> **Material for this task**:
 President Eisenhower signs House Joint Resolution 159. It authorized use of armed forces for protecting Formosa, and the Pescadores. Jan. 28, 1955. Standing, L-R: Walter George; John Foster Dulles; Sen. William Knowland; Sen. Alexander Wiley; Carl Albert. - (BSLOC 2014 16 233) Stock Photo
---
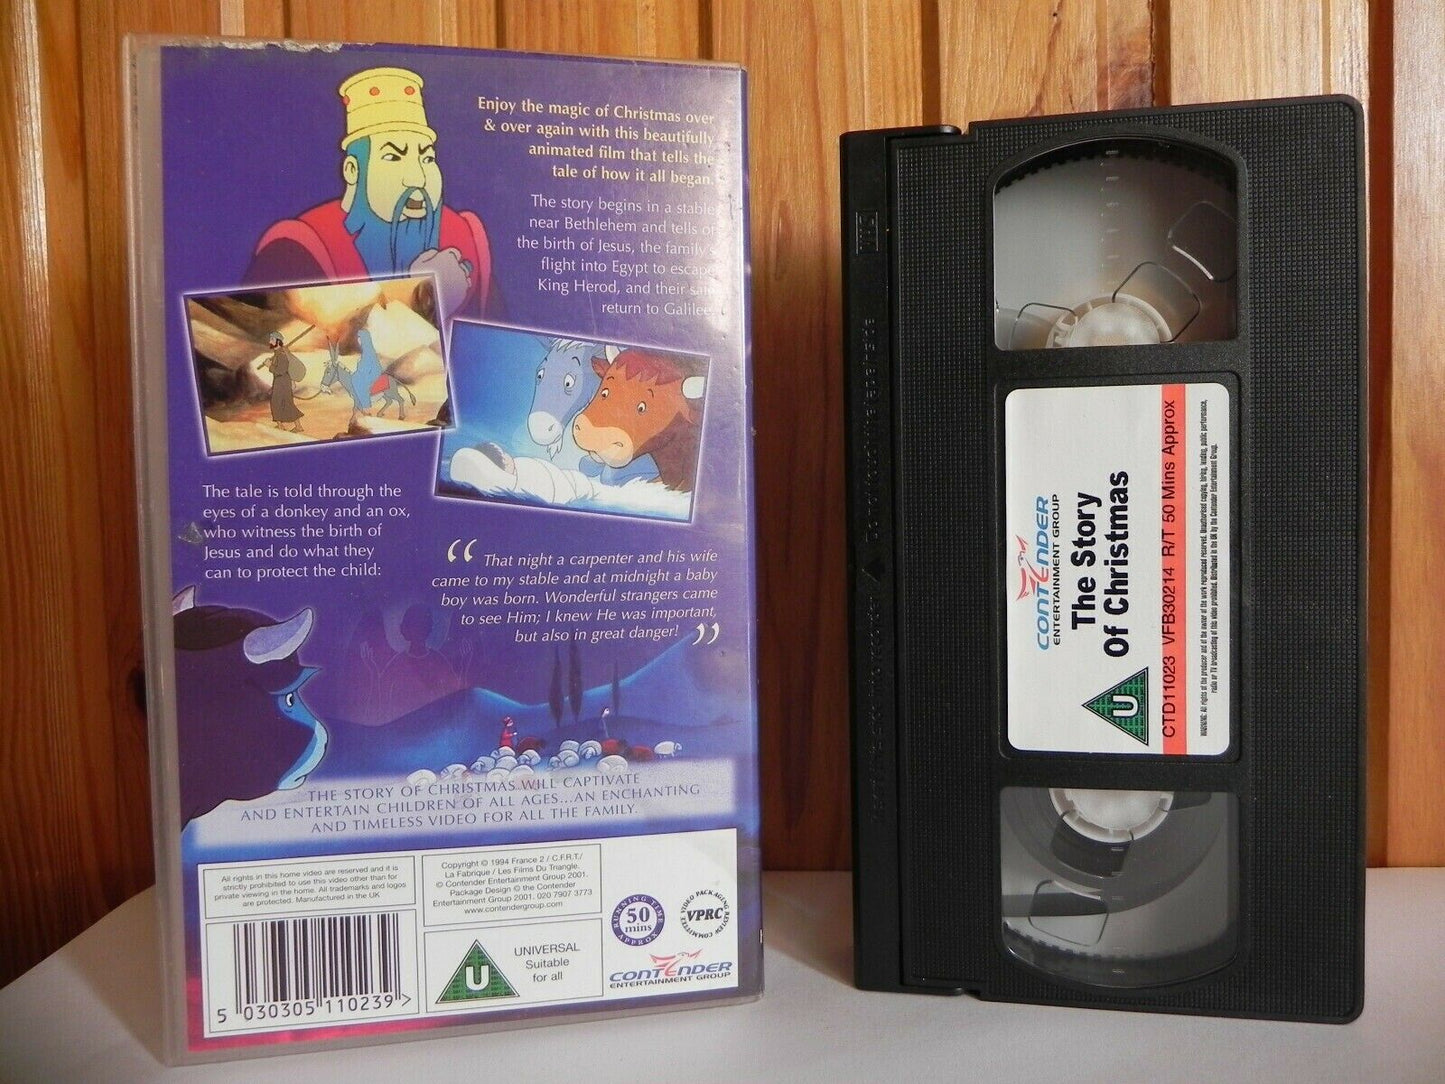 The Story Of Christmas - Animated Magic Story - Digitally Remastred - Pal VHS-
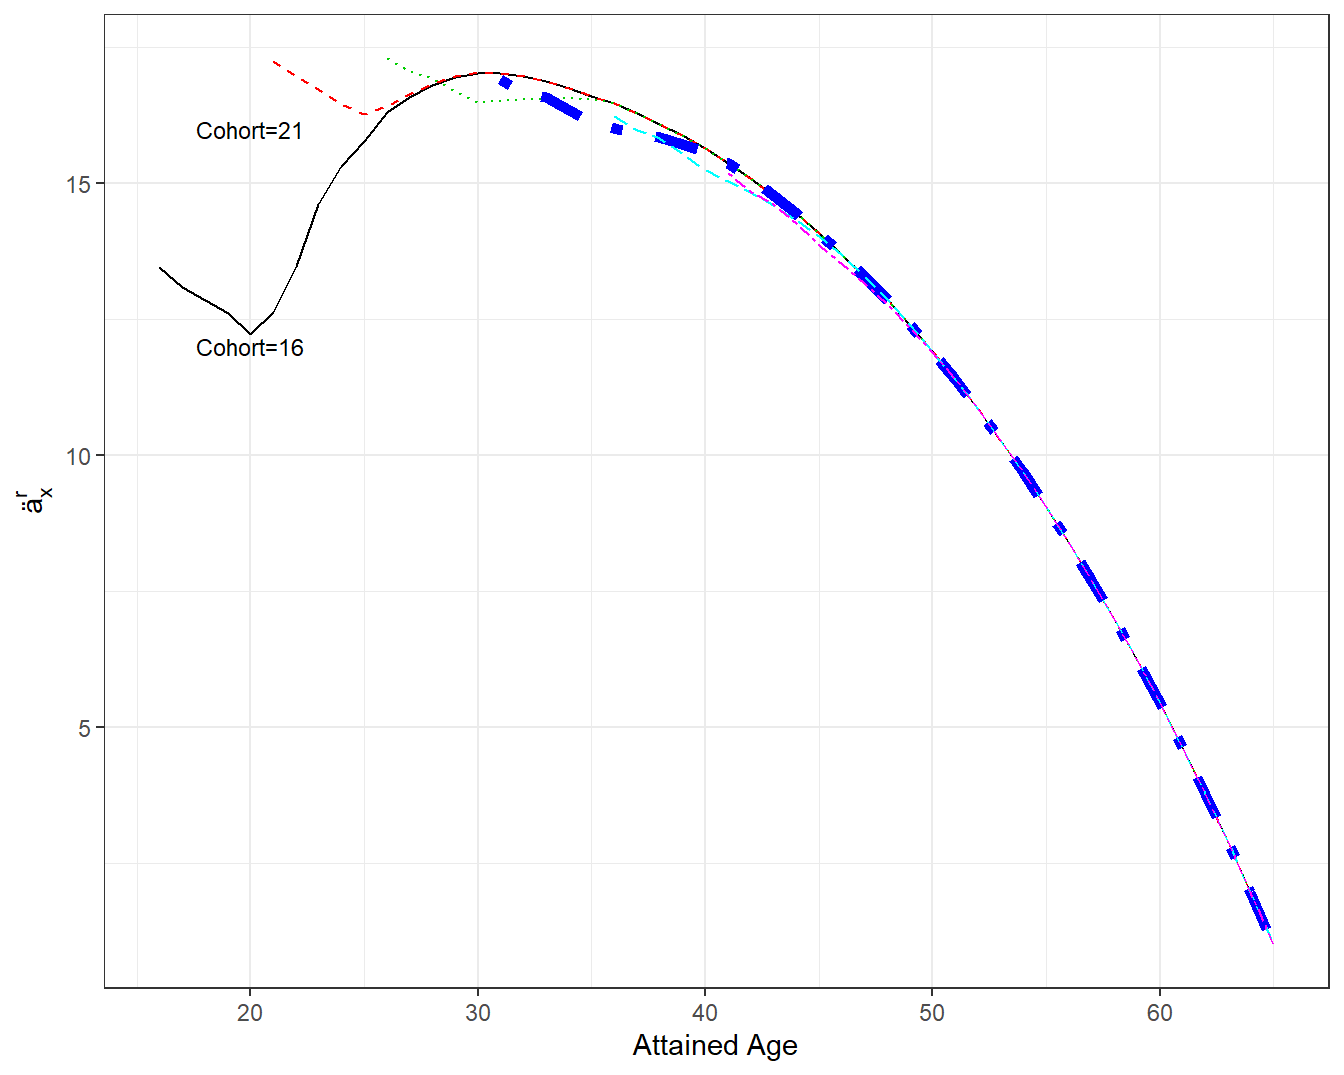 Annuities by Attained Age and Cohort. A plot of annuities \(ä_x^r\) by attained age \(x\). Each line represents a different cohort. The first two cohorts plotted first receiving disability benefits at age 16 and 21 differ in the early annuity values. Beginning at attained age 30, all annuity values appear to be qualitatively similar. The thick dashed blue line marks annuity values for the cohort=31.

> **What you should do**:
Of all the material above, only the lines from the one that has "The Story Of" down to the one that has "Annuities by Attained" are to be written out, exactly and with both ends included. Pictures are skipped.

> **Response to this task**:
 The Story Of Christmas - Animated Magic Story - Digitally Remastred - Pal VHS-
 Annuities by Attained Age and Cohort. A plot of annuities \(ä_x^r\) by attained age \(x\). Each line represents a different cohort. The first two cohorts plotted first receiving disability benefits at age 16 and 21 differ in the early annuity values. Beginning at attained age 30, all annuity values appear to be qualitatively similar. The thick dashed blue line marks annuity values for the cohort=31.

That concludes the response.